**YOUR ASSIGNMENT**
In the records below, find the line with "Mens Tech Mesh Shorts (Black), 7 of 6" and the line with "Šátek / šála"; return exactly those lines and every line between them.

**MATERIAL PROVIDED**

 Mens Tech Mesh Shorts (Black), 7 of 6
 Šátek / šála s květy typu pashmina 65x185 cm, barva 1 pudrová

--

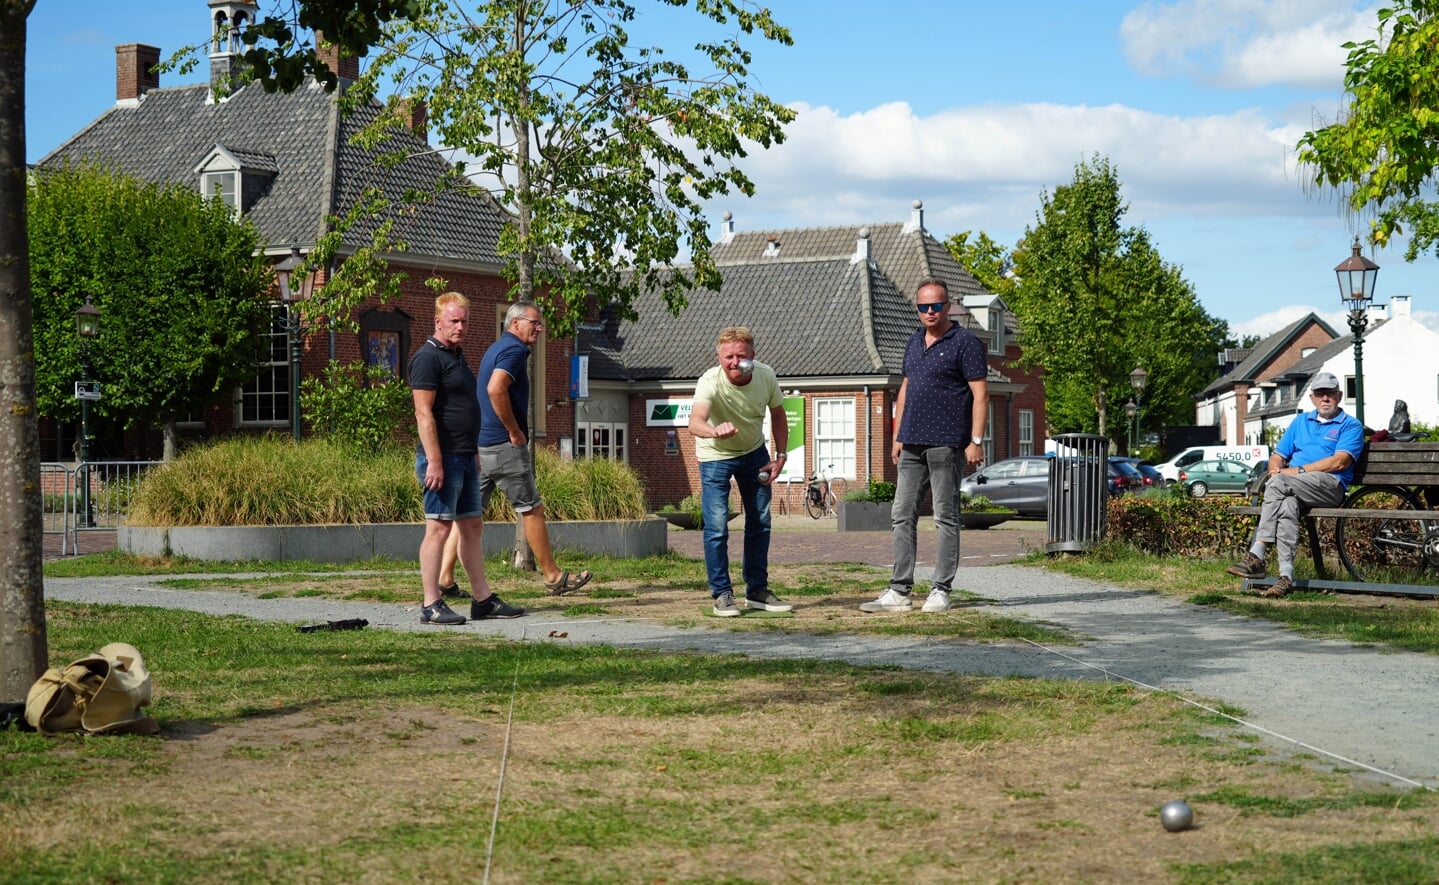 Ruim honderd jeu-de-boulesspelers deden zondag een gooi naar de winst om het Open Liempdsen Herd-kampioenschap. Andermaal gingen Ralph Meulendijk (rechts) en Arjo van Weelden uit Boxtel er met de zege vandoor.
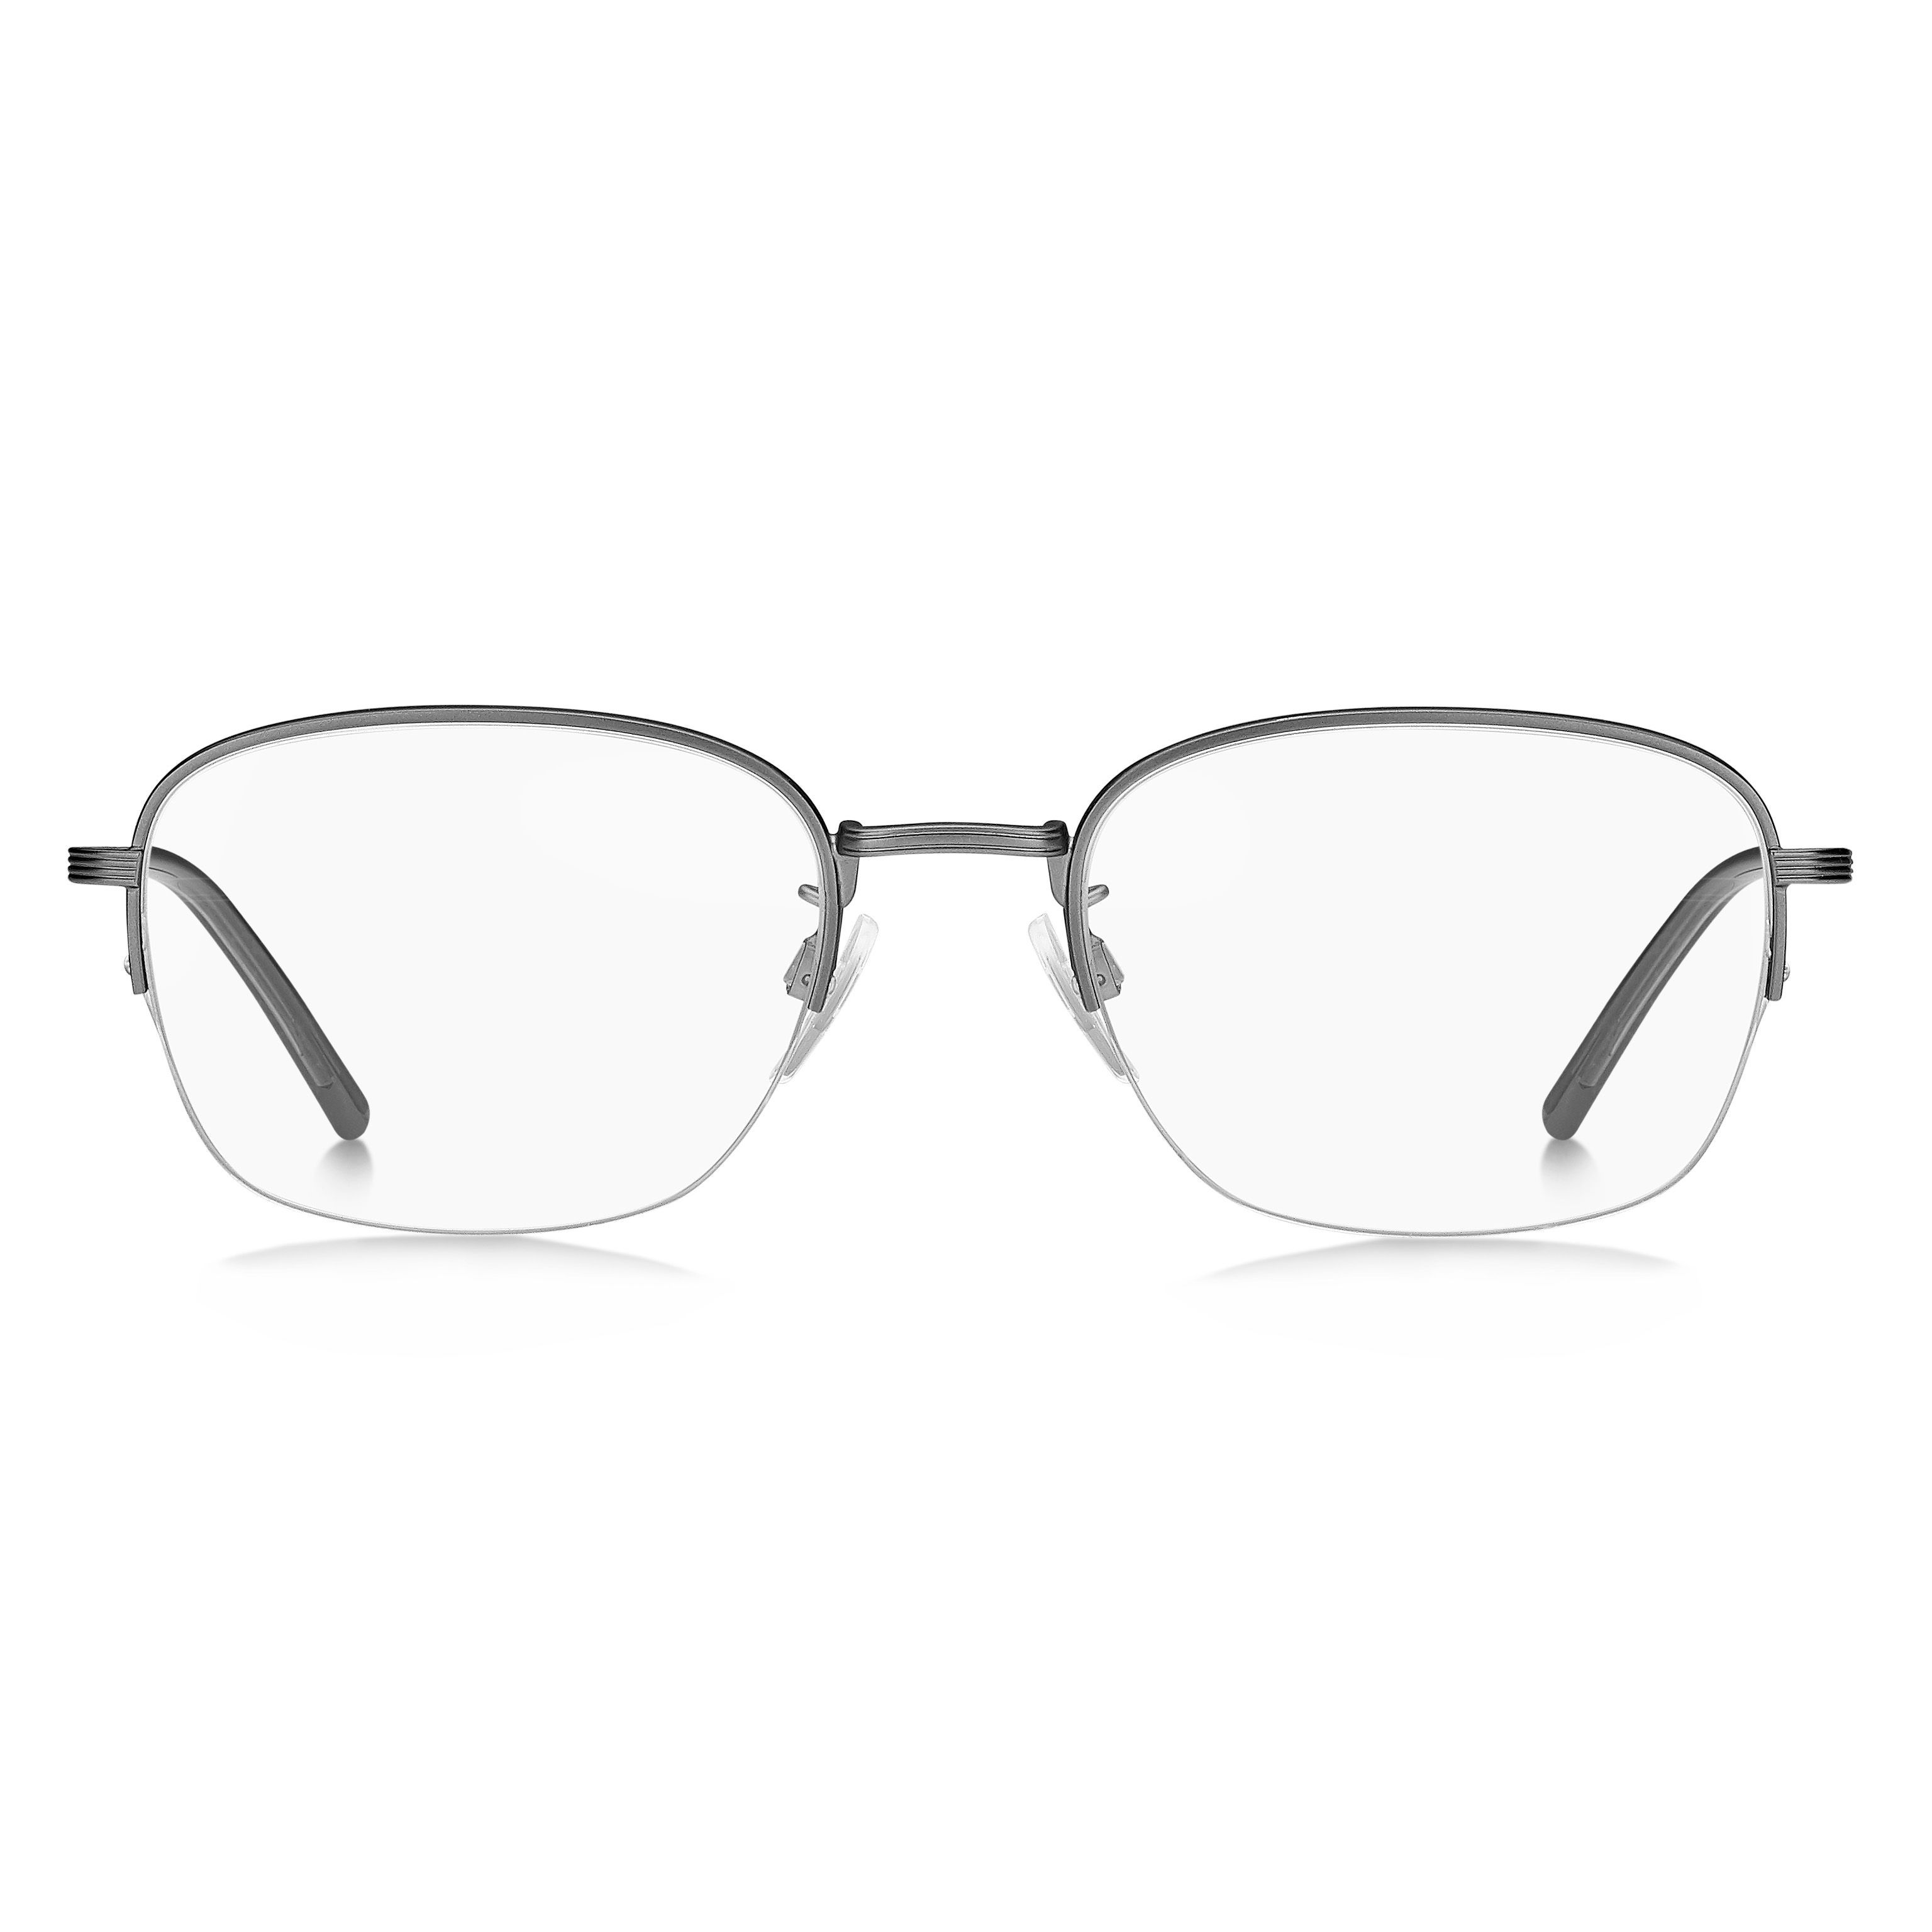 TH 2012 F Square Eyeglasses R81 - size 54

**WRITTEN SOLUTION**
 Mens Tech Mesh Shorts (Black), 7 of 6
 Šátek / šála s květy typu pashmina 65x185 cm, barva 1 pudrová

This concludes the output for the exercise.